## Description of the task
The result should be an exact copy of only the lines from the one with "ADR Radiactivos Autoescuela" through the last line of the data below, with pictures omitted.

## Given data

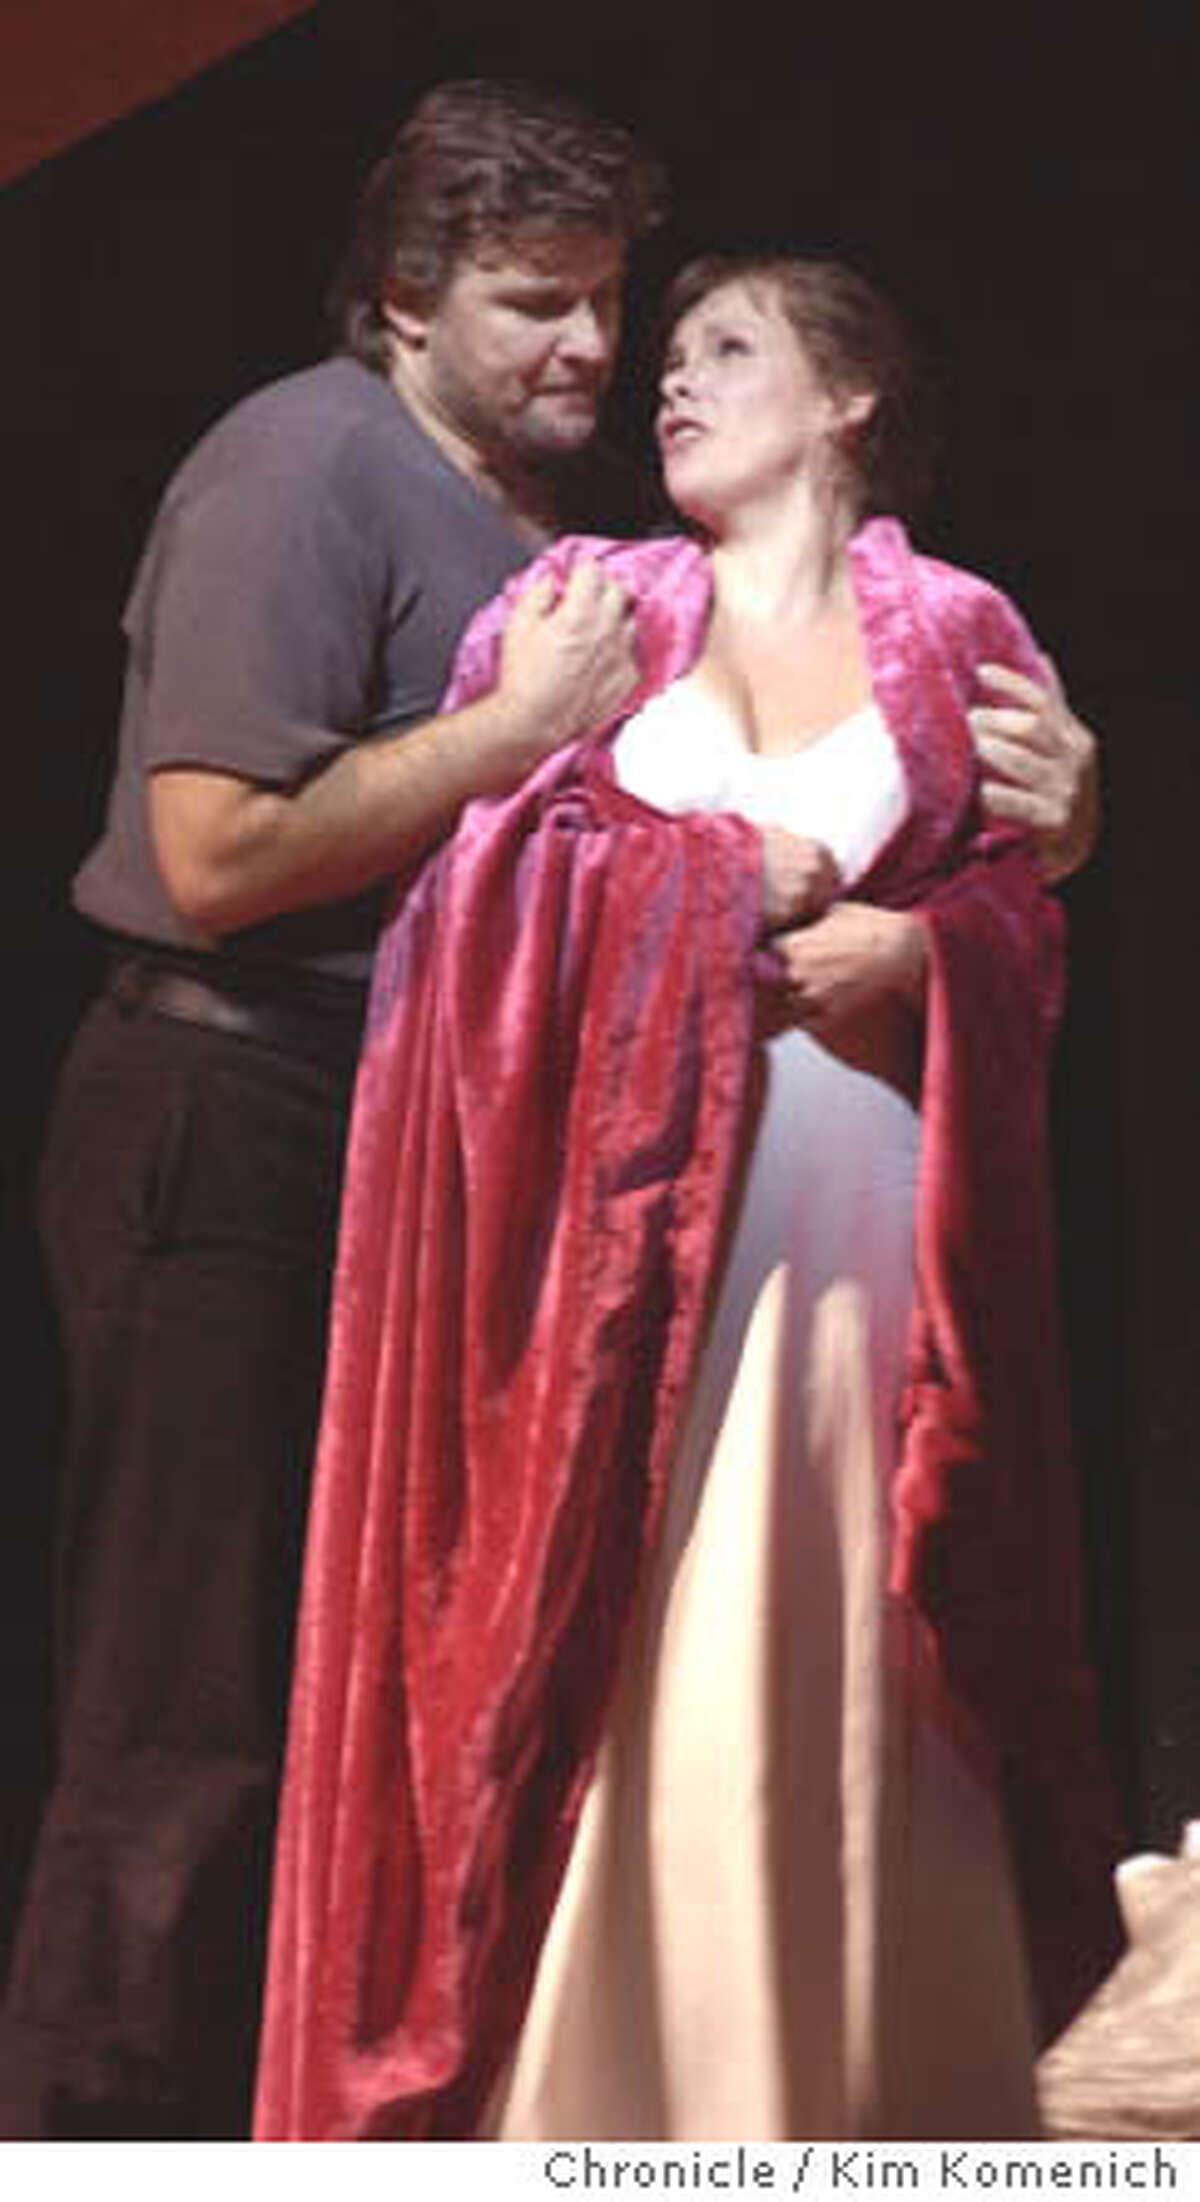 11/6/03 in San Francisco. San Francisco Opera presents Lady Macbeth of Mtsensk. Sergei (Christopher Ventris) gets friendly with Katerina (Solveig Kringelborn), KIM KOMENICH / The Chronicle
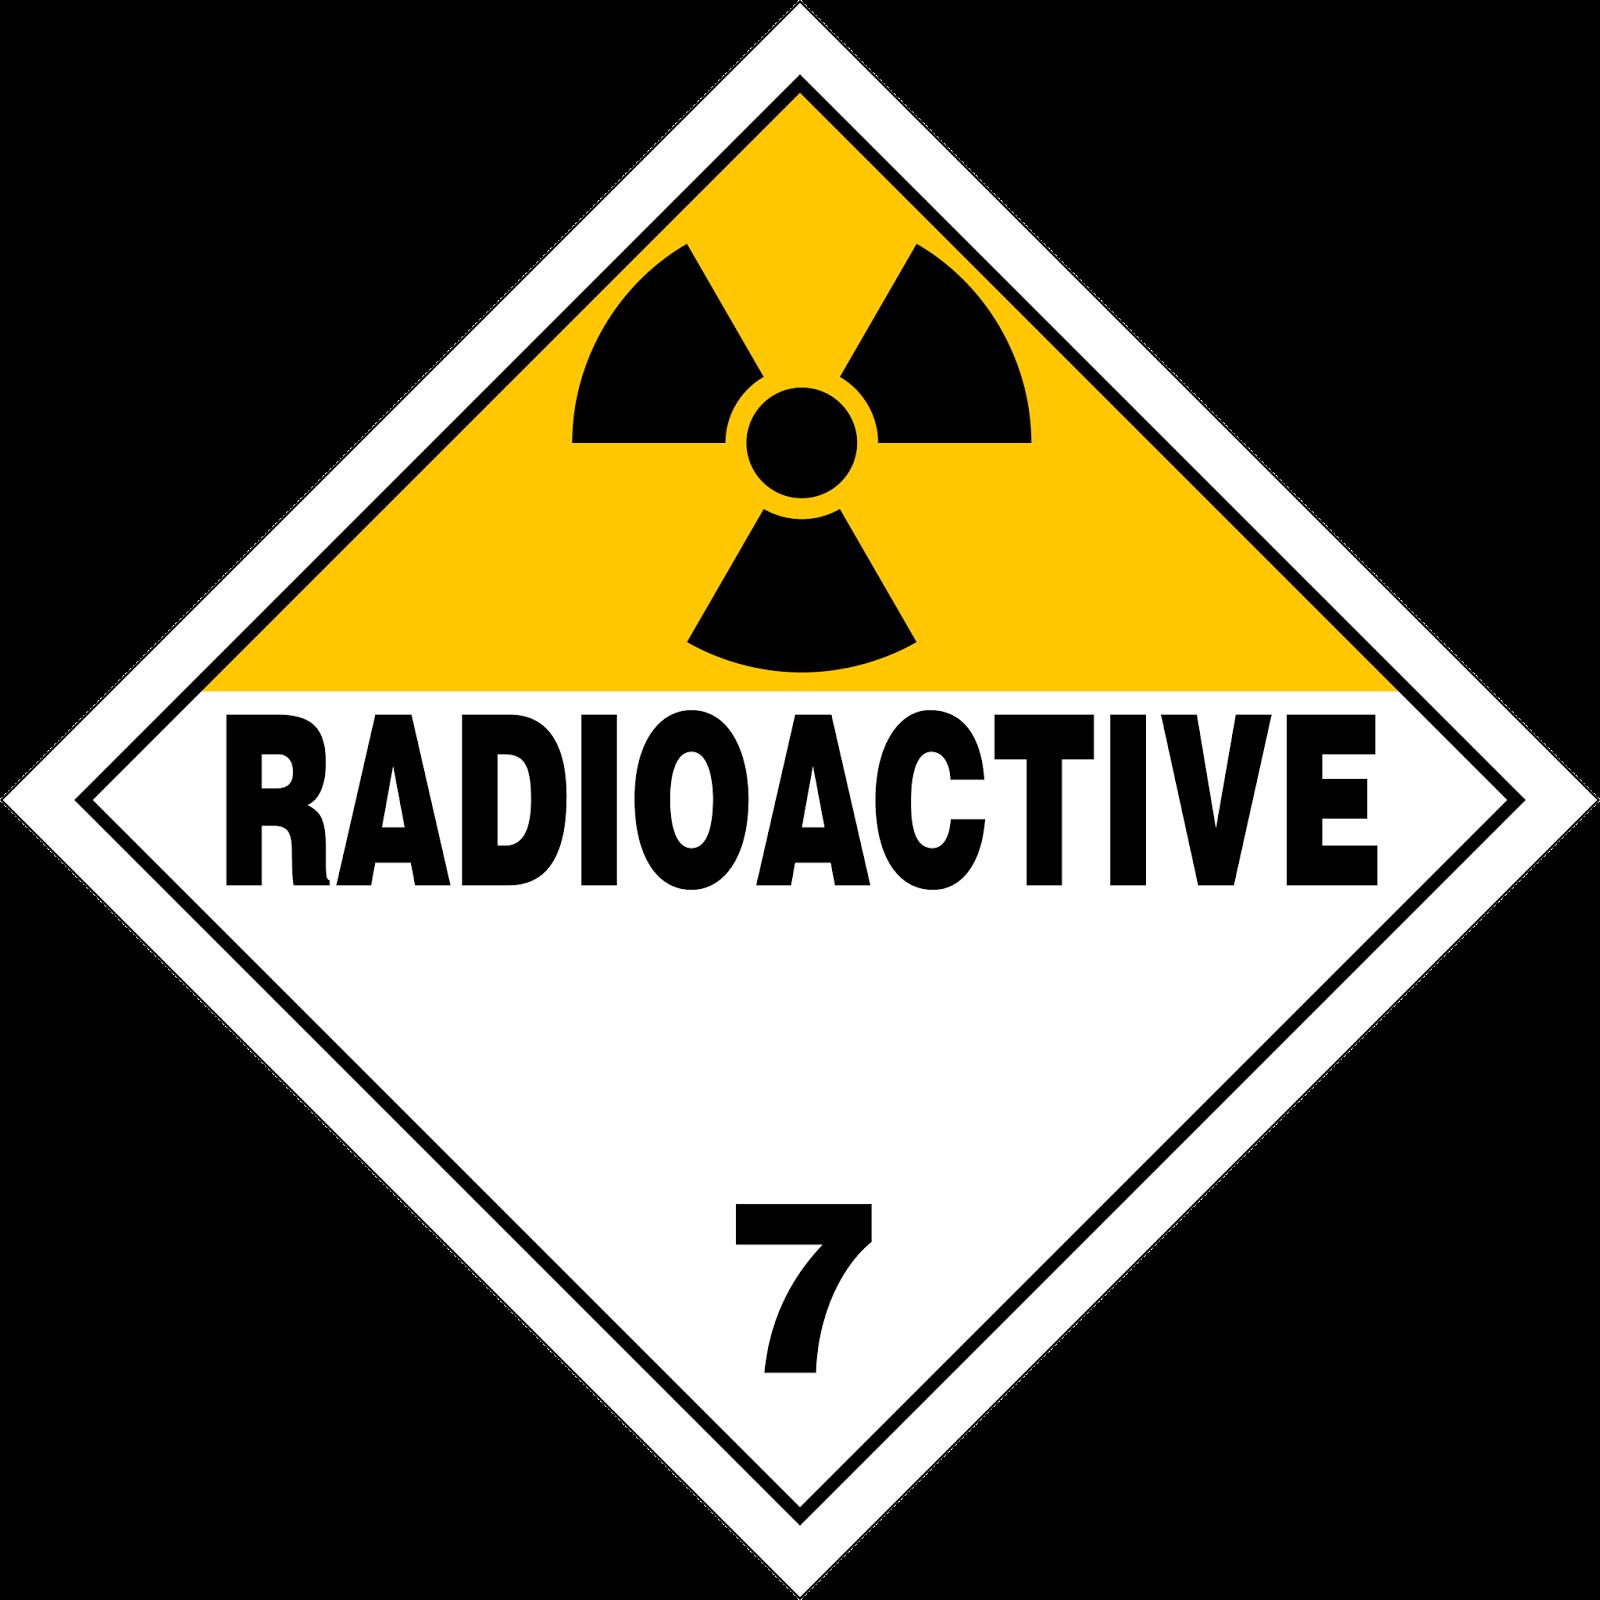 ADR Radiactivos Autoescuela Vandalia Peligros
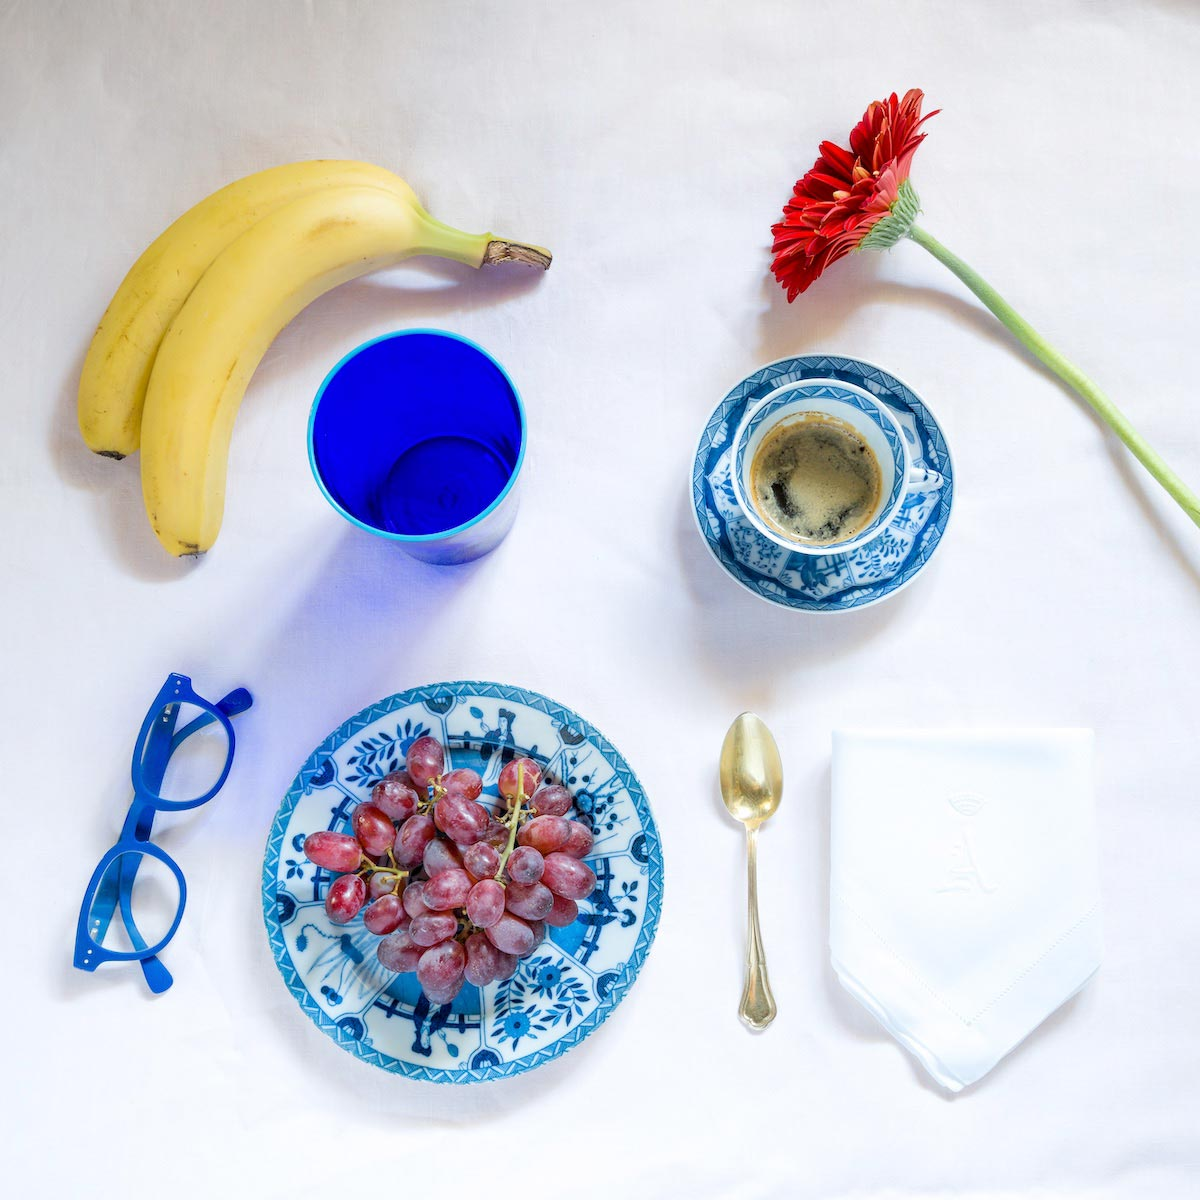 mare-beach-glasses-glass-water-sea-perfect-luxury-sand-beachhouse-house-blue-murano-handmade-designer

## Exercise solution
 ADR Radiactivos Autoescuela Vandalia Peligros
 mare-beach-glasses-glass-water-sea-perfect-luxury-sand-beachhouse-house-blue-murano-handmade-designer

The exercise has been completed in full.